A cosy description of a wedding? Not quite, the bridegroom was the devil and the bride was eleven year old Dorota from Gniezno. Dorota continued,
“When he came to me, he hid me and did with me what he wanted, and he was cold.”
That was no honeymoon, but a reference to the way in which Polish witches were bound to the devil, not by a pact, but by sex with the devil, and the devil always had a cold penis. Dorota was tried in 1689, when witchcraft trials were coming to an end in western Europe and when Poland was just entering the peak of the persecution. Dorota was tried with her mother Zofia, in a particularly cruel but common case of trying both mothers and daughters, since being a witch was supposed to be hereditary.
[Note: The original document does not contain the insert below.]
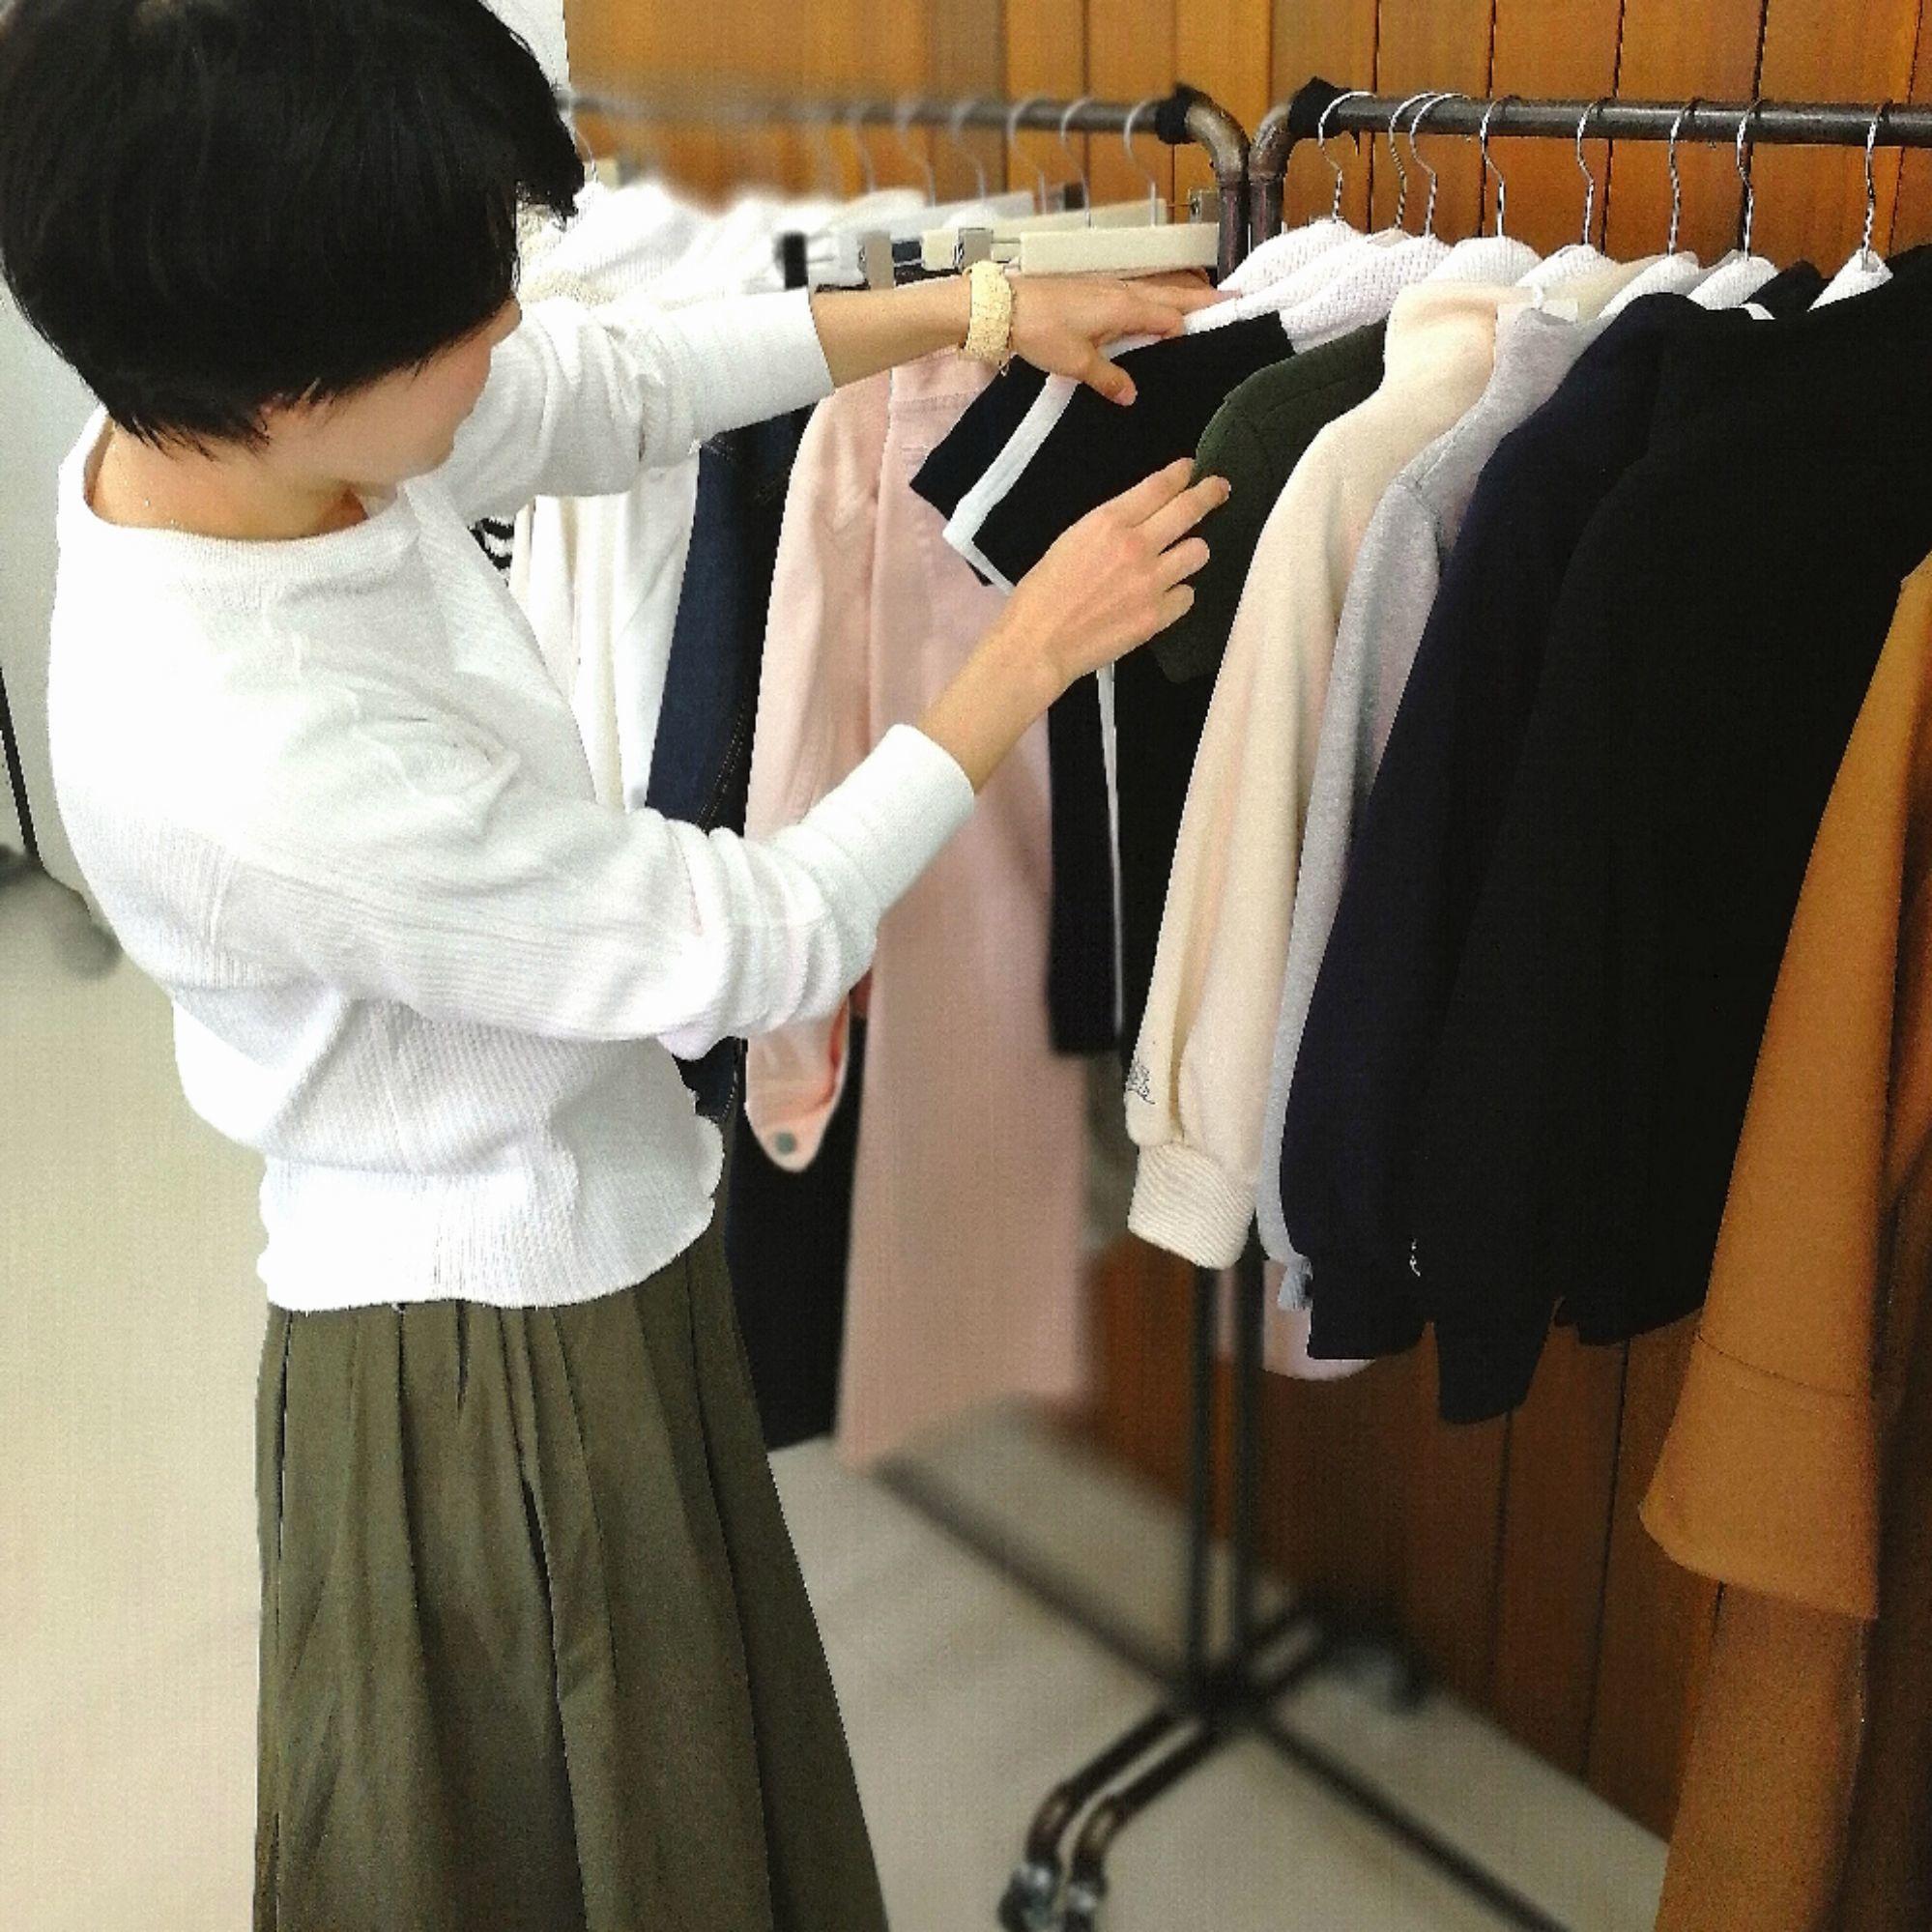 Marisol誌面で一目惚れしたスカートを求めて_1_1-3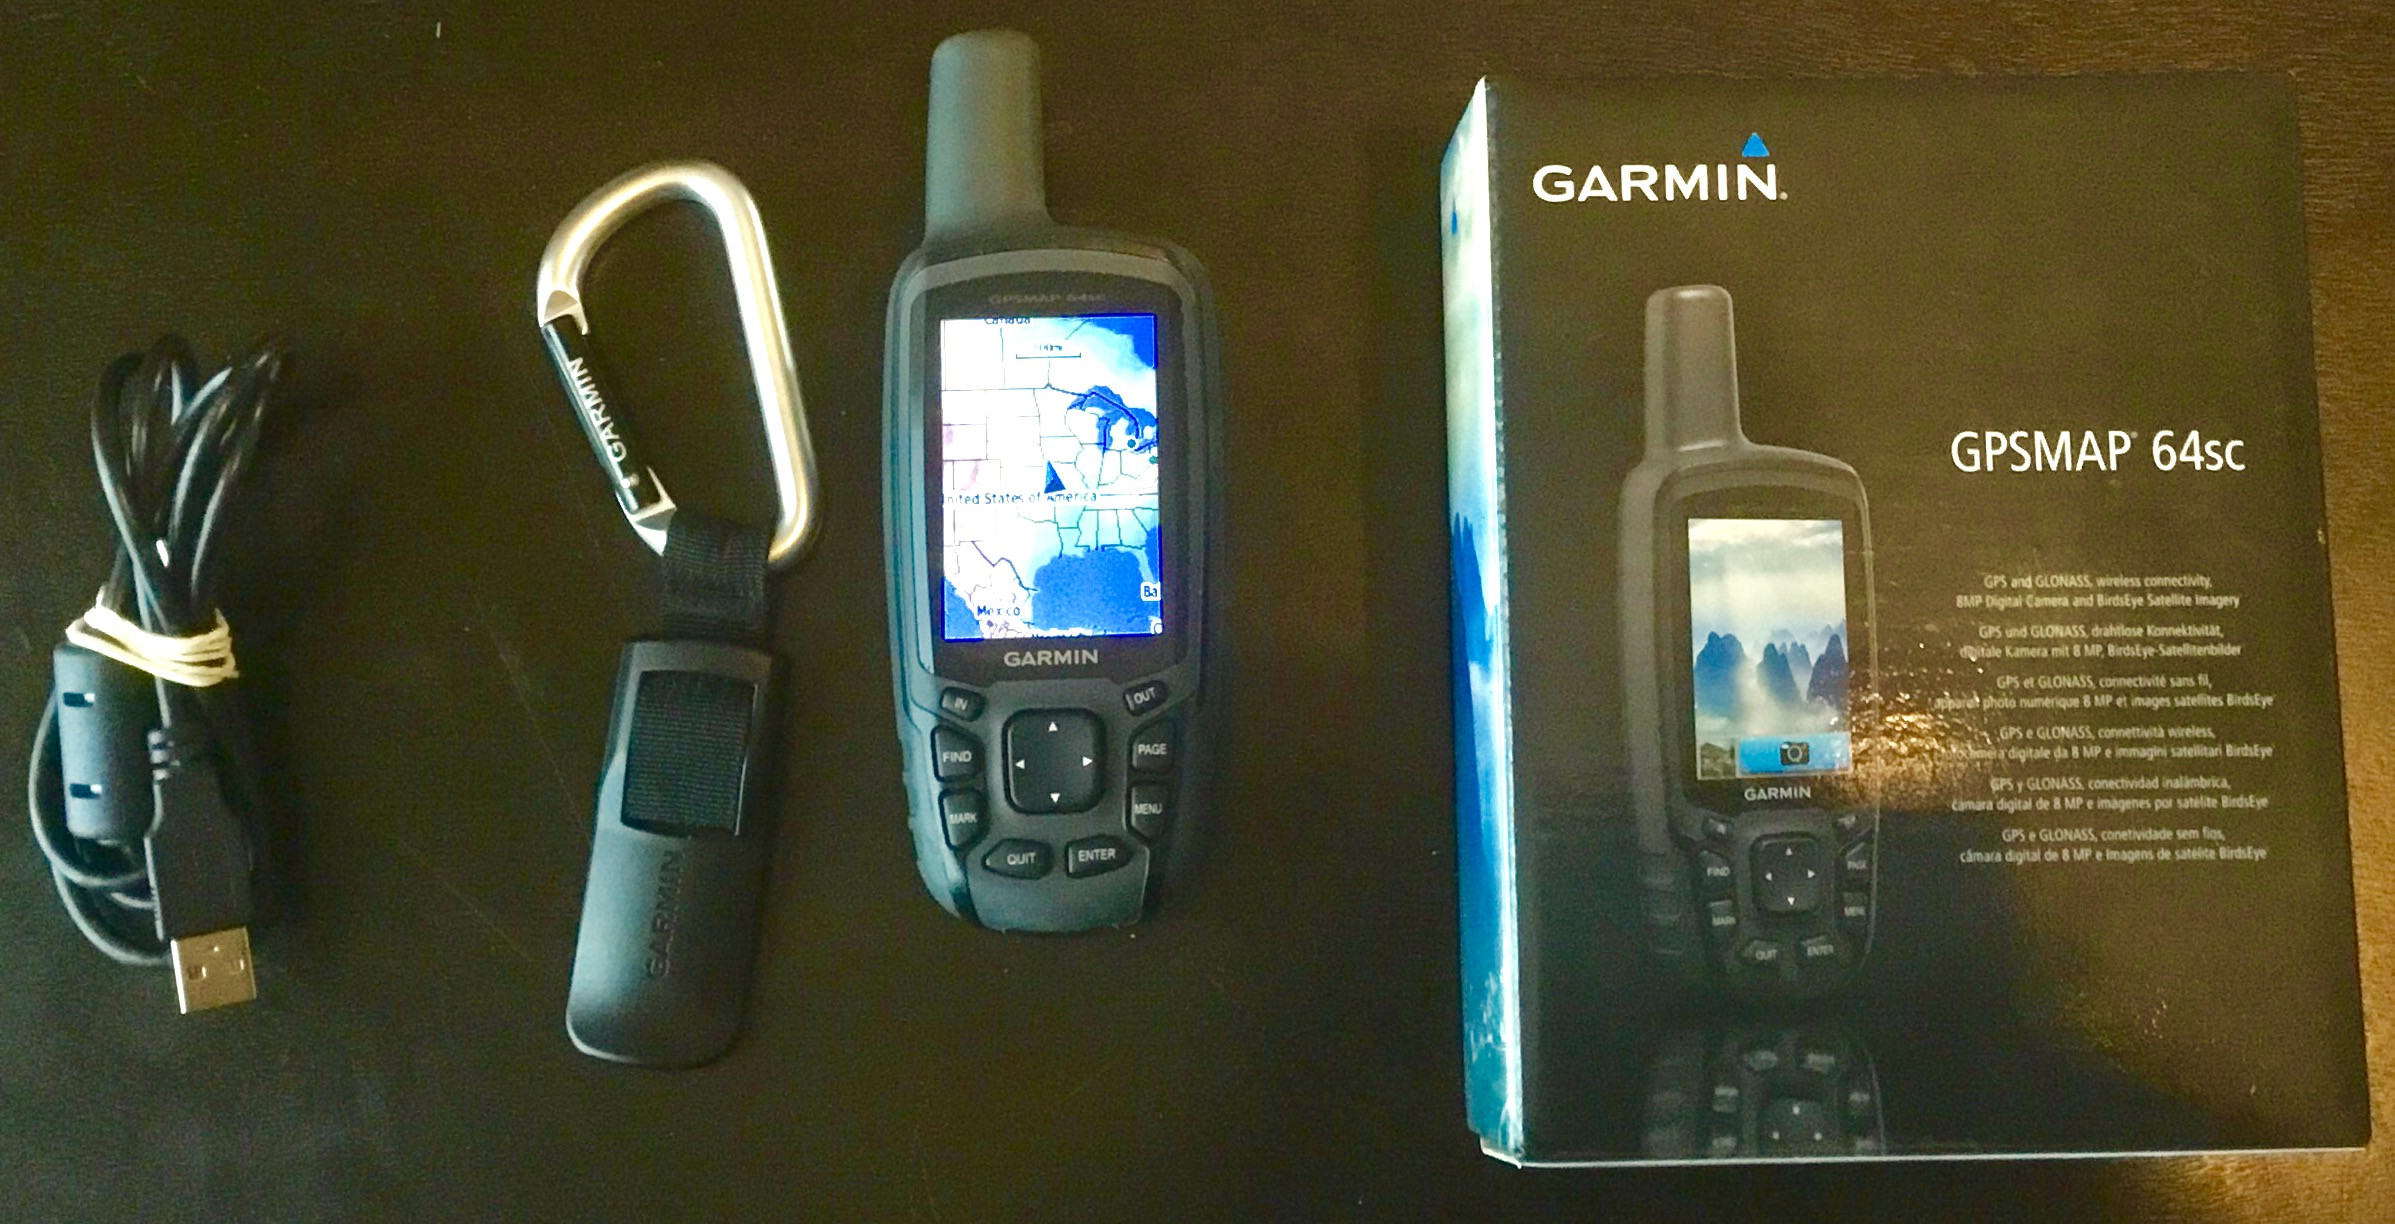 FS: Garmin GPSMAP 64sc - GPS Garage Sale - Geocaching Forums

Dorota described her mother in the following way, after having consistently described her as her stepmother. “She gave birth to me, but I don’t regard her as my mother, because she never taught me the Our Father, and I pity a dog more than her.” A precocious case of teenage angst that was to have fatal consequences.
Even under the extreme stress of the trial, the mother Zofia denied that she was a witch, until she was tortured and then she swore on the image of the crucifix that:
“We danced, the devils took us home where we danced and had sex, just as with our husbands, three times and he was cold. Not everyday, just on Thursdays and we had sex at home, my husband felt nothing and knew nothing although it was at home, because the devil lay on the left side and my husband lay on the right.”
In fact, Zophia was her real mother and her father had died. The family had moved many times, making them obvious objects of suspicion in the local community, and probably poorer than their neighbours. These were merely some of the factors that made them more likely to be accused of witchcraft.